Provided the importance of LRRK2 in both familial and sporadic PD, modulation of its dysfunction in the disease context would be a way to intervene in PD more broadly. The LRRK2 protein consists of a GTPase domain known as the Ras of complex (ROC) domain, along with a kinase domain (see Figure 1). This unique combination makes LRRK2 a promising target for drug development. Currently, LRRK2 is the subject of ongoing clinical trials aimed at developing disease-modifying therapies for Parkinson's disease (PD). Consequently, our primary scientific efforts focus on understanding both the physiological role of LRRK2 and its dysfunction in the context of the disease.

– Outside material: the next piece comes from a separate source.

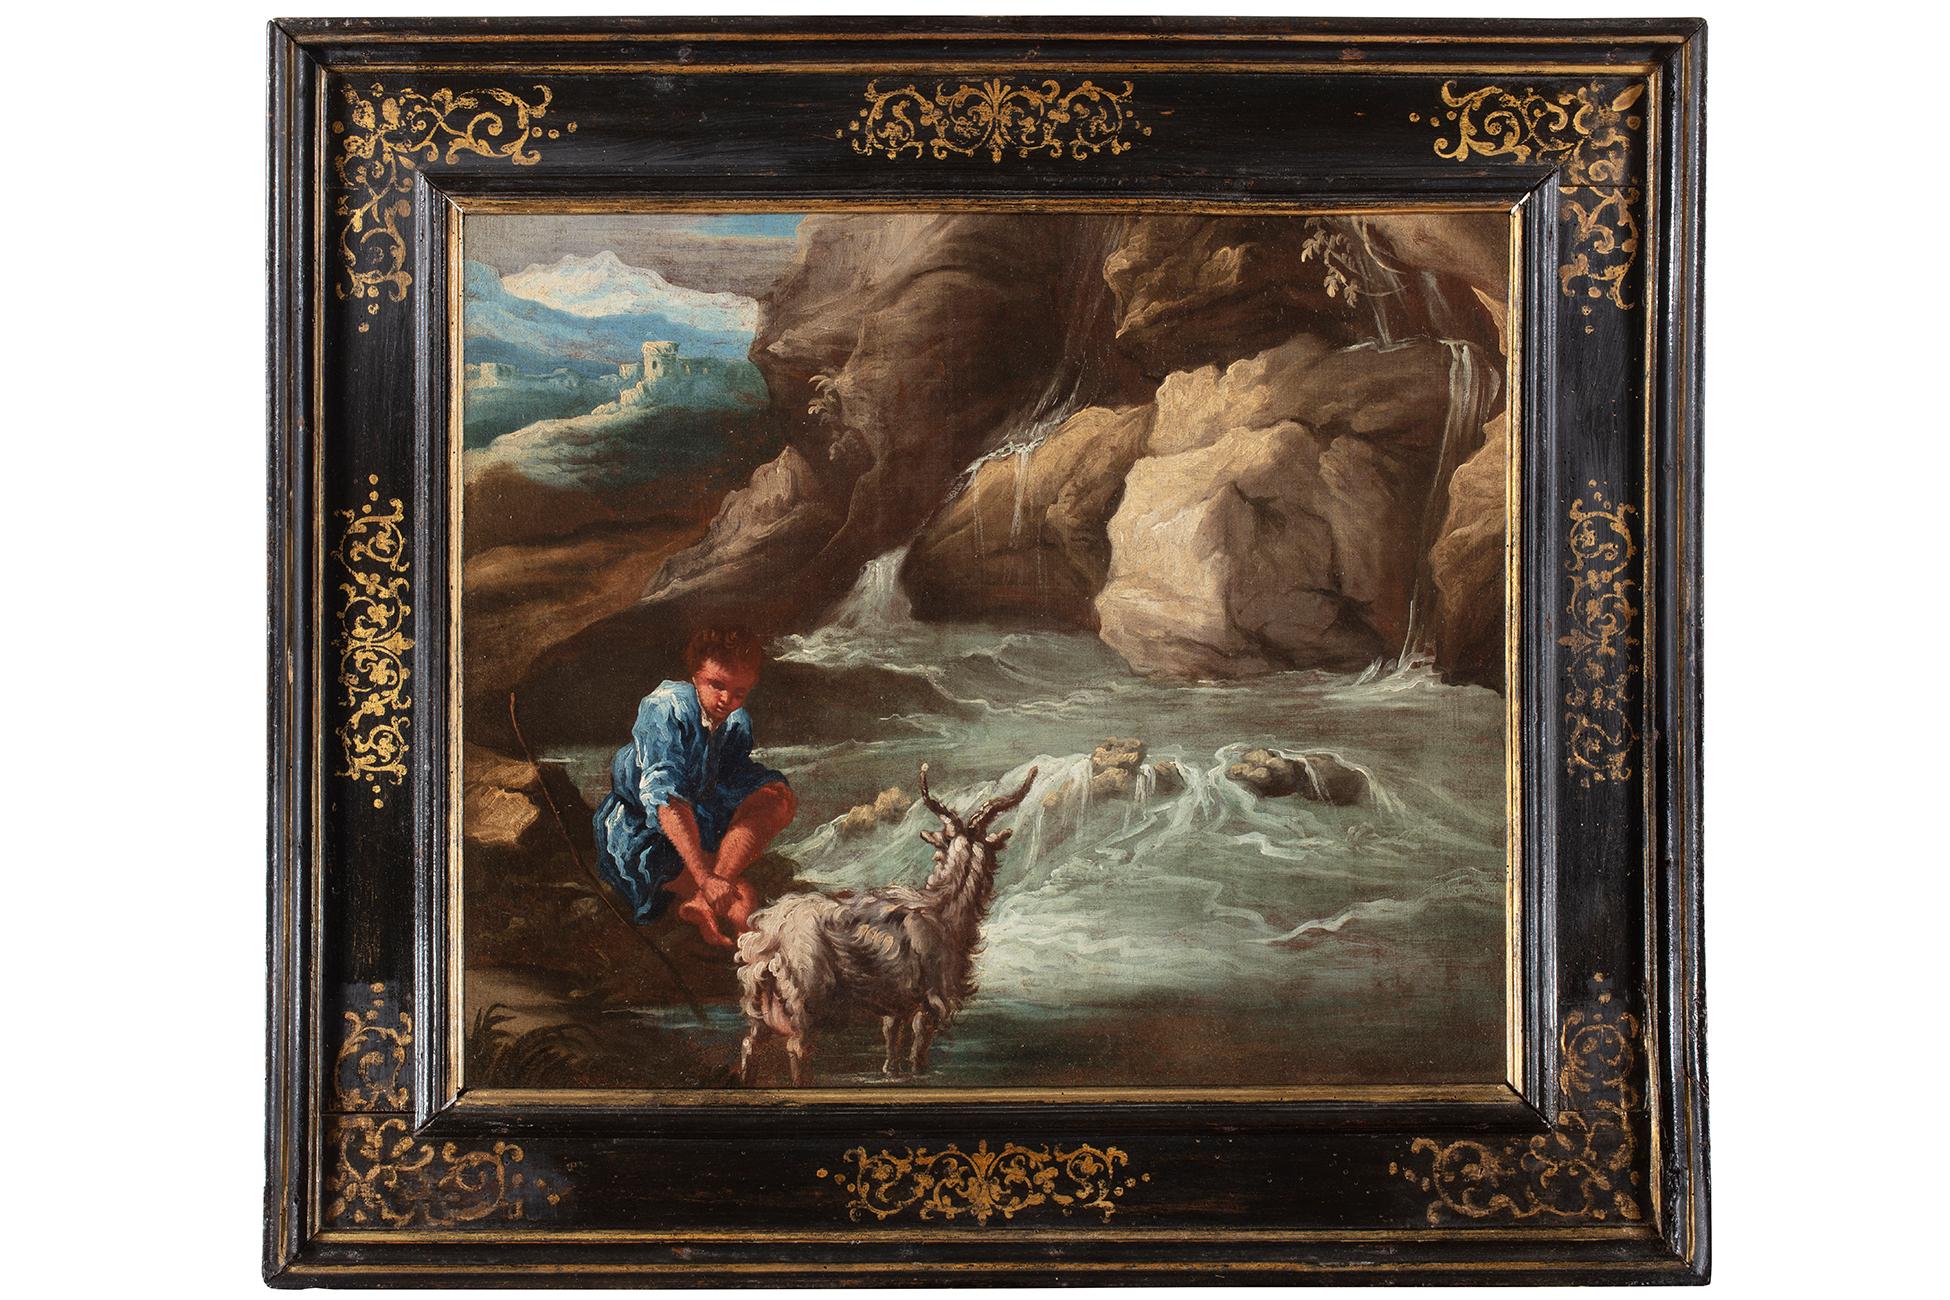 Giuseppe Antonio Pianca Landscape Painting - 18th Century by Giuseppe Pianca Shepherd with Goat and River Oil on Canvas
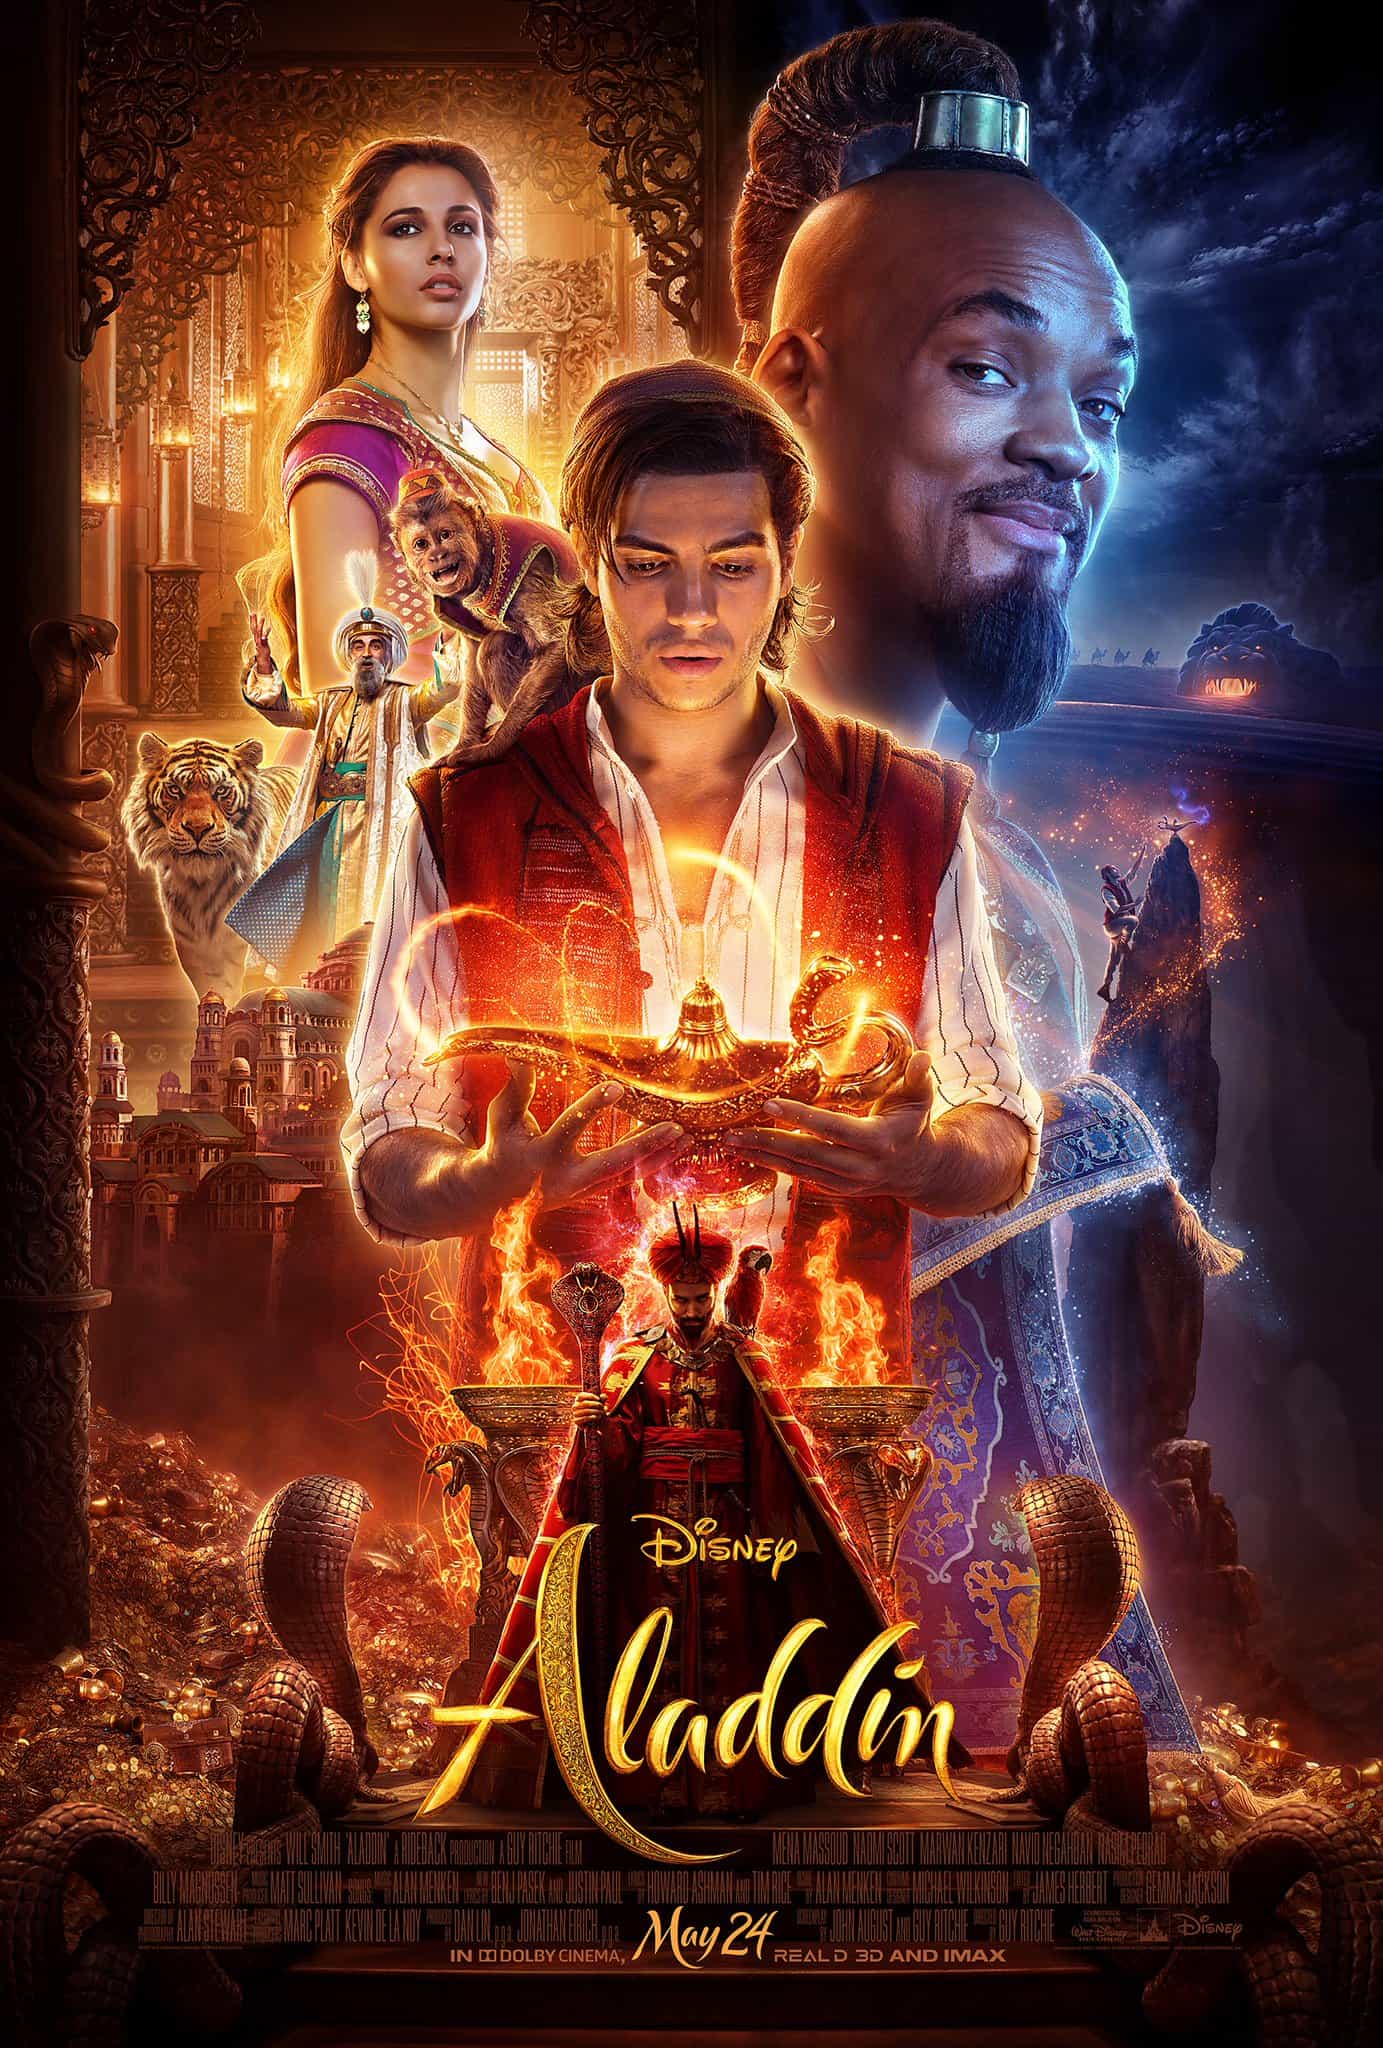 New full trailer for the live action Aladdin from Disney featuring Aladdin, Jasmine, Jafar and a blue Will Smith as Genie

To achieve these research goals, the laboratory employs a multidisciplinary approach that spans cellular, network, and behavioral levels in several model systems.
Figure 1: LRRK2 domains and pathogenic mutations. LRRK2 is a large and multi-domain protein. Its central enzymatic region consists of a GTPase Ras of complex (ROC domain), a C-terminal of Roc domain (COR), and a kinase domain. Different protein-protein interaction domains surround the enzymatic core. The pathogenic mutations that definitively cause PD are restricted to the central catalytic region of LRRK2.
Our core values in science consist of sharing early (unpublished) data, fostering collaboration, and depositing datasets in publicly accessible repositories to promote transparency.
Though we still have much to learn about Parkinson's disease, the exploration of α-synuclein and LRRK2 is shedding light on its complex origins. These insights not only deepen our understanding but also pave the way for innovative, mechanism-driven therapies beyond mere symptom management.